The £150m scheme to redevelop Oxford Brookes University’s main Headington campus looks set to be given the go-ahead by Oxford City Council.

Officers will recommend that plans to create a new gateway to the city should be approved, when they go before councillors on Tuesday.

But residents opposing the scheme reacted angrily, claiming it was being “rushed through” in the August holiday period, when many people directly affected were away.

They have won the backing of local councillor Nuala Young who has asked for the application to be put back until September.

The proposals by Brookes to redevelop its Gipsy Lane campus is one of the biggest schemes to go to the city council for decades. It would see about a third of the Gipsy Lane site redeveloped, with a new entrance and public square facing out to Headington Road.

The scheme’s centrepiece, a student centre containing a library, lecture theatre and teaching space, has been bitterly opposed by residents, who complained about its height and “the massing” of buildings on the site.

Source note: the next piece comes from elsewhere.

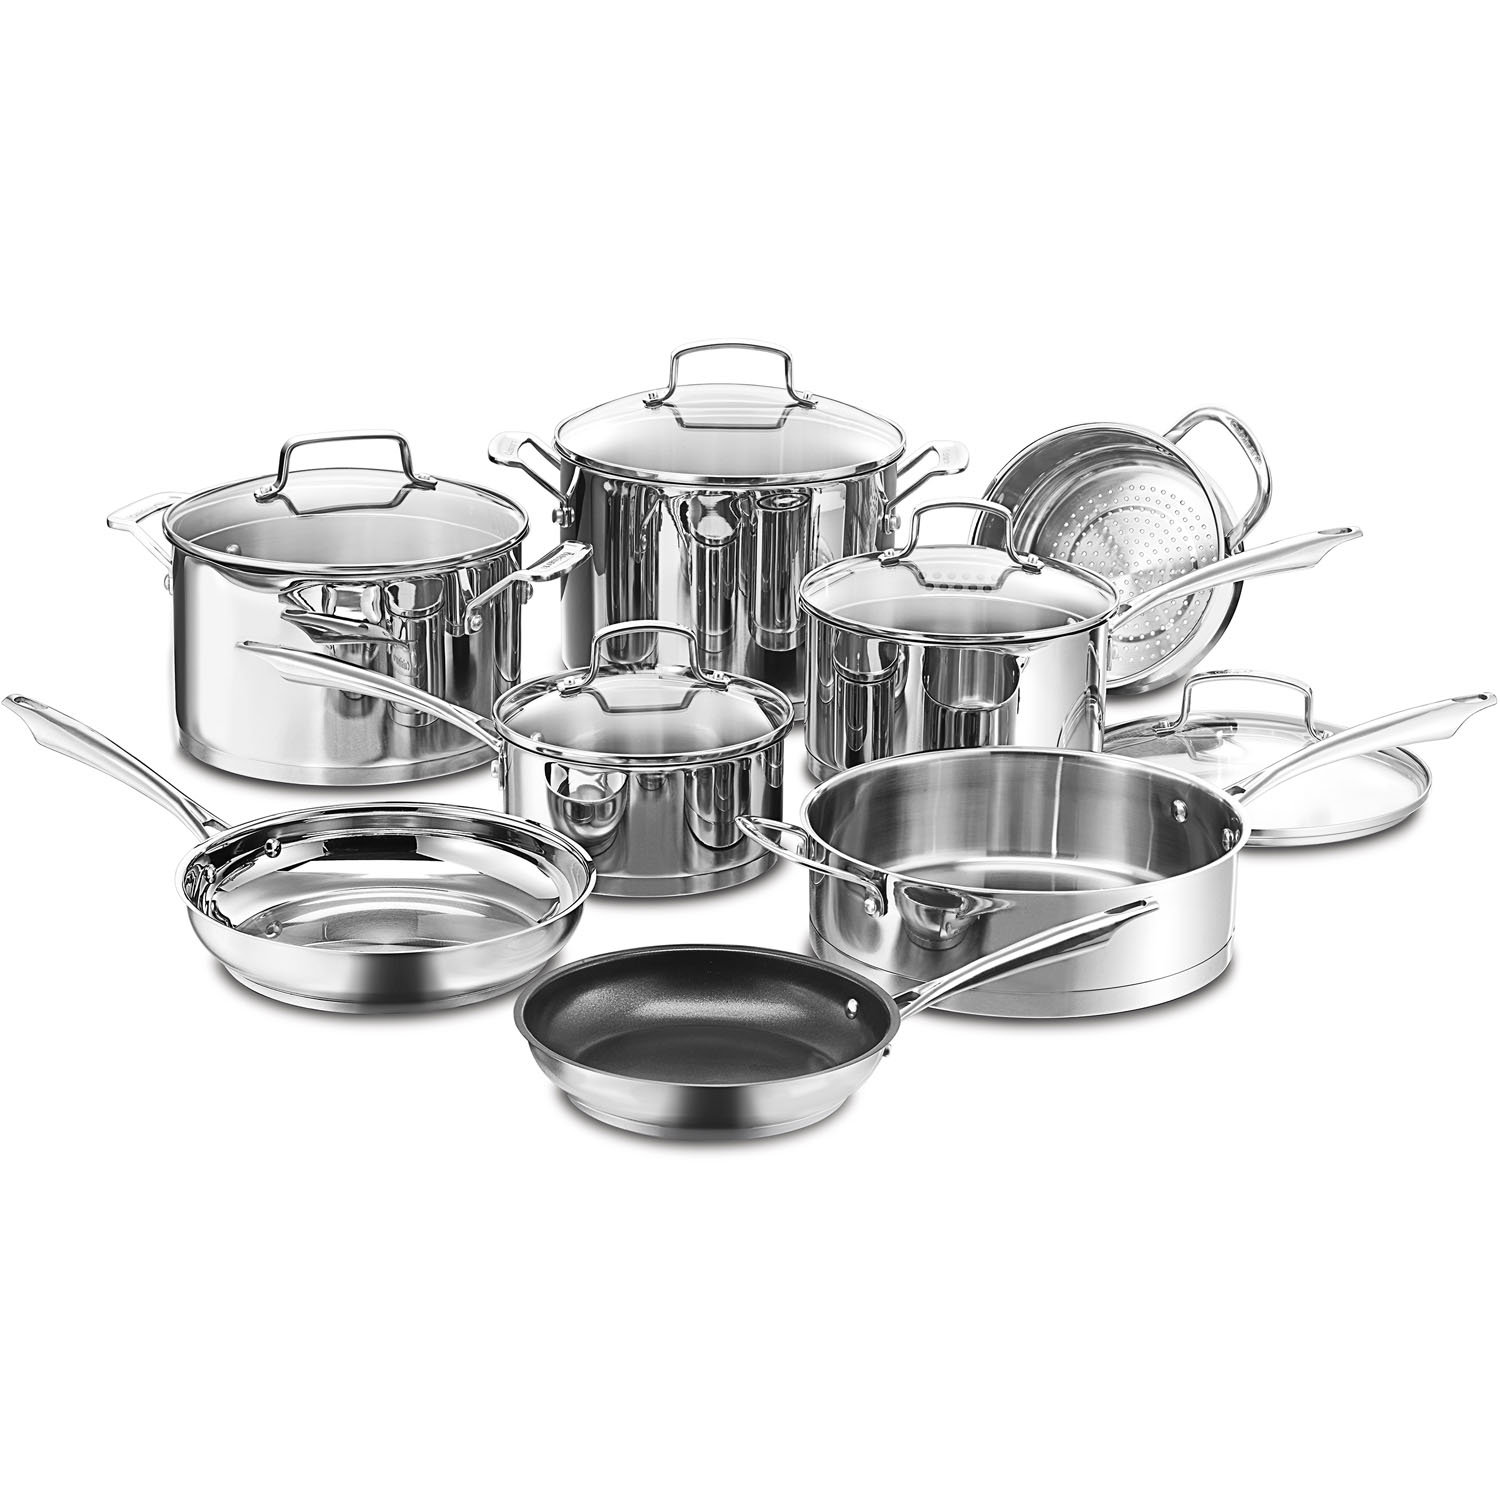 https://assets.wfcdn.com/im/59910610/compr-r85/3635/36352012/cuisinart-professional-series-13-piece-stainless-steel-cookware-set.jpg

But an officers’ report to next week’s north east area committee and the city’s strategic development control committee, which meets on August 26, concludes that the scheme’s benefits will outweigh any adverse local impact.

The report concludes: “There can be little doubt that much of the teaching and social accommodation available to Brookes falls well short of the standards required of a major longstanding academic institution of national and intern- ational reputation, and which is also a major local employer. The current proposals aim to redress these deficiencies in line with the university’s masterplan.”

Harry Edwards, of Highfield Residents’ Association said: “To take a decision of such importance in the middle of the holiday season when many local people and councillors will be away would be highly undemocratic and would undermine confidence in both the area committees and the planning system itself.”

“It would prevent proper scrutiny of the issue and would suggest, however unfairly, a desire to avoid community debate.”

In her letter to planners, Ms Young says: “We had understood that the application would be put in September.”

The officers’ report recognised that the size of the student centre building would “impact on neighbouring residential properties” but says large buildings have existed on the site for 50 years. It says tree planting could mitigate problems, with lights switched off at 10pm in buildings beyond the second floor to reduce light pollution. It adds that an 11pm closure during weekdays and at midnight at weekends could be made a condition of the planning permission.

Susan Lake, of the Headington Hill residents’ group, said: “City planners have sprung a silly-season fast report on us. It recommends acceptance in terms as mediocre and uncritical as the gross building itself. It reads as if dictated by a stand-up comedian or Brookes, who expect all ‘partners’ to pass their economic ambitions while hundreds of objecting citizens are distracted in August.”

An email sent to Mrs Lake from the council’s head of city development, Michael Crofton Briggs, made clear a postponement was unlikely. It reads: “It is not possible to put the planning system on hold to suit all holiday months.”